Beat the Heat…Stay Hydrated
I can say with a high degree of certainty that summer is here with a vengeance, all that stuff about global warming yeah well I am starting to take it seriously now!! As Canadians we often spend the winter months dreaming of the long gone days of summer, basking in the sun’s rays playing outside and getting a little more active. Spring always seems to tease us with a taste of summer and the dance with winter’s fight to hang on just a little longer. Once Canada Day hits there’s usually no question, summer is officially here. Like bears coming out of hibernation Canadians around the country are eager to get out and enjoy the weather, get into their outdoor exercise routine, and drop those extra pounds.
Staying hydrated while exercising is always important to prevent fatigue, maintain or improve performance, and make the most of your workouts however, the importance of hydration in hot humid weather is even more crucial. When the body engages in physical activity heat is generated internally, this is how we burn calories, and in order to maintain the body’s delicate internal balance it has to rid itself of this extra heat which is why we sweat. Sweat has two main purposes, it allows the body to detoxify through the skin and it is the body’s automatic air conditioning system. The amount we sweat depends on a number of factors, a few of which include the intensity of exercise, how hydrated the body is, and the key one here is the temperature of the surroundings. The hotter and more humid the outdoor conditions the more we need to sweat to cool ourselves down. If our internal air conditioner is working over time and we are not replenishing fluids to keep it going dehydration is a consequence which can have mild to very serious side effects. The average person loses 1L of sweat for every hour of exercise, and that is in regular conditions, so the message here is replenish, replenish, replenish!
Now that we understand why we need to hydrate let’s discuss the most effective ways to prevent dehydration and ensure our bodies are equipped to enjoy the hazy days of summer. Of course the best way to keep the body hydrated is to make sure you are drinking throughout the day. The most effective way to do this is to drink pure, clean water as your main source of fluids. When planning exercise outdoors or spending extended periods of time in the heat be sure to consume 1/2-1 L of extra fluid beforehand to compensate. While exercising also make sure to drink fluids, preferably a natural electrolyte or sport water drink, at regular intervals. When we sweat the body also loses electrolytes, mineral salts dissolved in body fluids that regulate fluid balance, therefore it is important to replace these as well. After exercise or extended periods in humid weather replenish fluids throughout the rest of the day at regular intervals to maintain hydration status for future activity.

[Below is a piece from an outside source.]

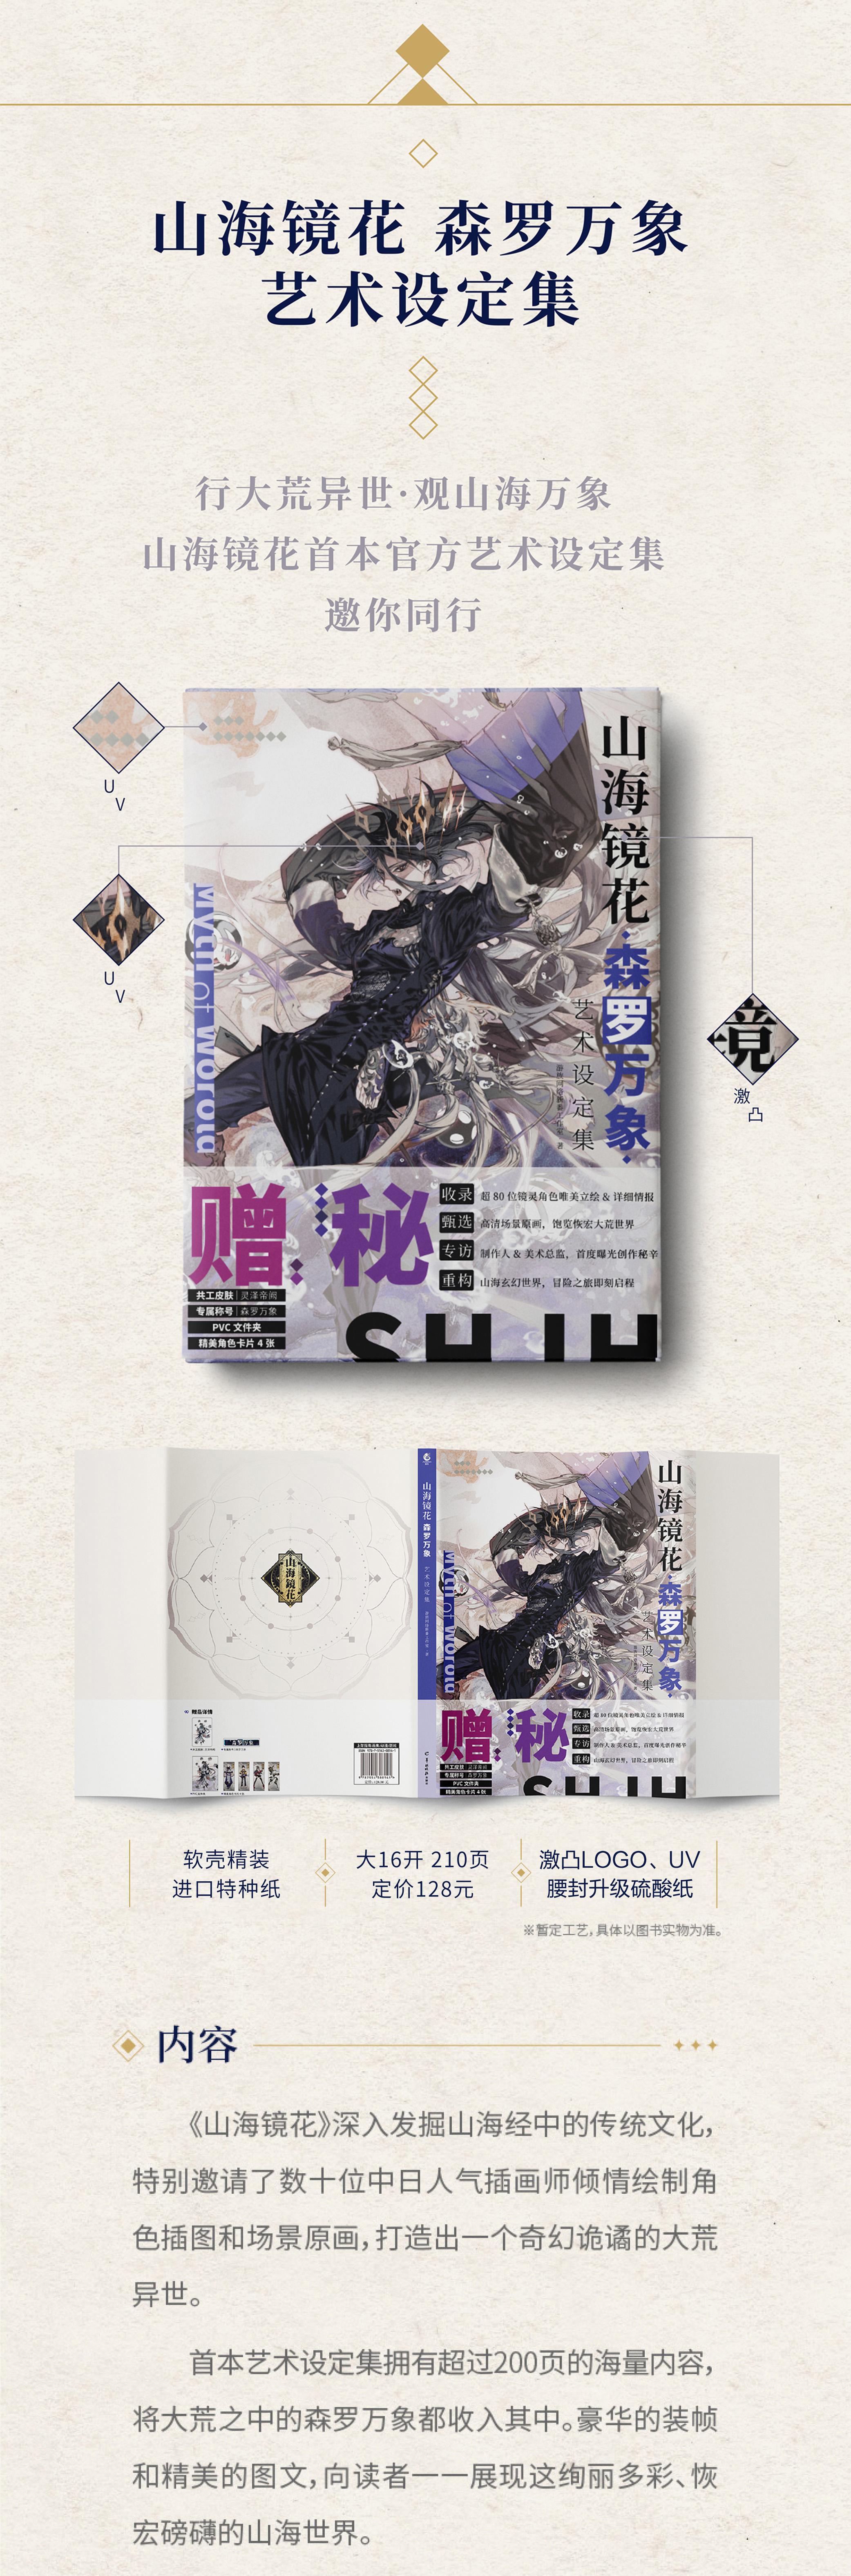 山海镜花长条-02(有定价).jpg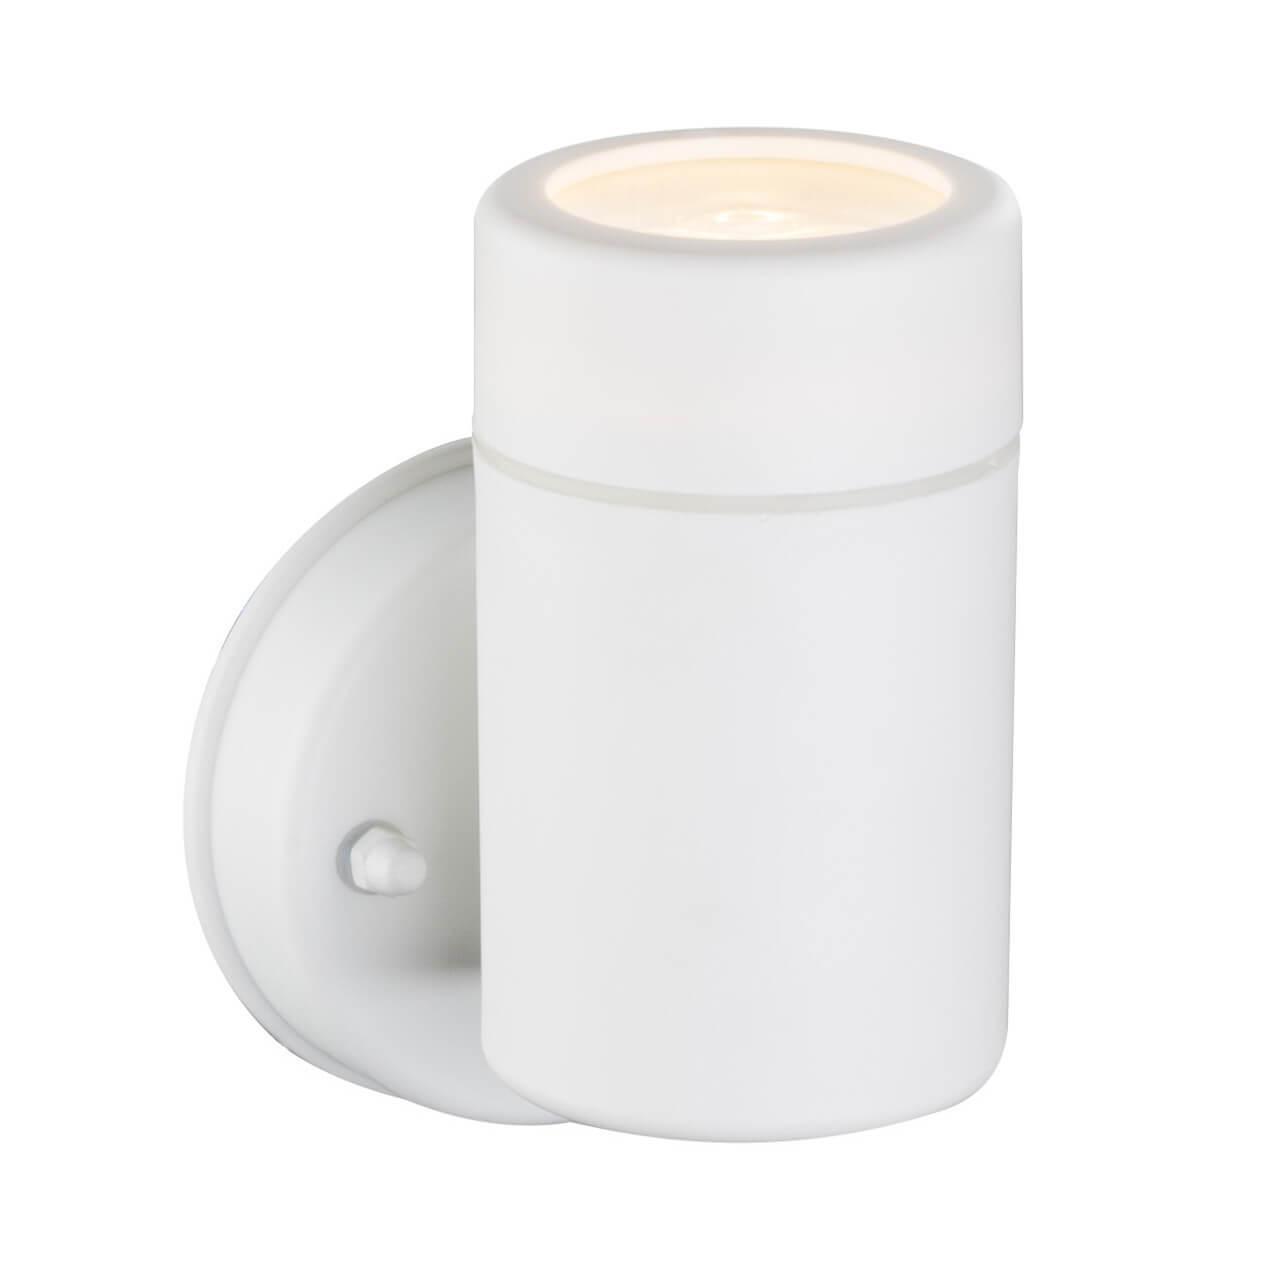 цены Уличный настенный светодиодный светильник Globo Cotopa 32004-1

Here are some of my favorite ways to hydrate the body naturally, tasty ways to beat the heat and keep your body at peak performance. When buying bottled ‘nutrient waters’ avoid at all costs drinks which are filled with refined sugars, artificial colors (water should never be fluorescent blue or green yikes!!), artificial flavors and sweeteners. Opt for the natural choices below.
Coconut Water – contains naturally occuring electrolytes, and its delicious too! Look for unsweetened organic varieties, the only ingredient should be coconut water.
GP8 Water – naturally purified water that contains 3-4 times the oxygen of regular water, this allows the body to maintain hydration status.
Vega Rehydrator – a natural, alkaline-forming drink mix, free from sugar and artificial sweeteners, formulated with all the essential electrolytes the body needs to stay hydrated during workouts.
DIY Electrolyte Drink Recipe
1 cup filtered water
1-2 tablespoons of fresh squeezed lemon juice
1 pinch of sea salt (do not use table salt)
1/2 tablespoon of raw honey
At Fuel we encourage getting a little more active and soaking up some vitamin D when the sun is shining, just remember to always use common sense when exercising in hot humid weather. If the humidex rating is above 35 avoid strenuous activity, save these days for sipping your lemonade pool side. Know the signs of dehydration which include nausea and fatigue in mild cases, vomiting and cessation of sweating in severe cases, this is very serious and requires immediate medical attention. Know your limits, hydrate your body, and enjoy these long awaited days of summer.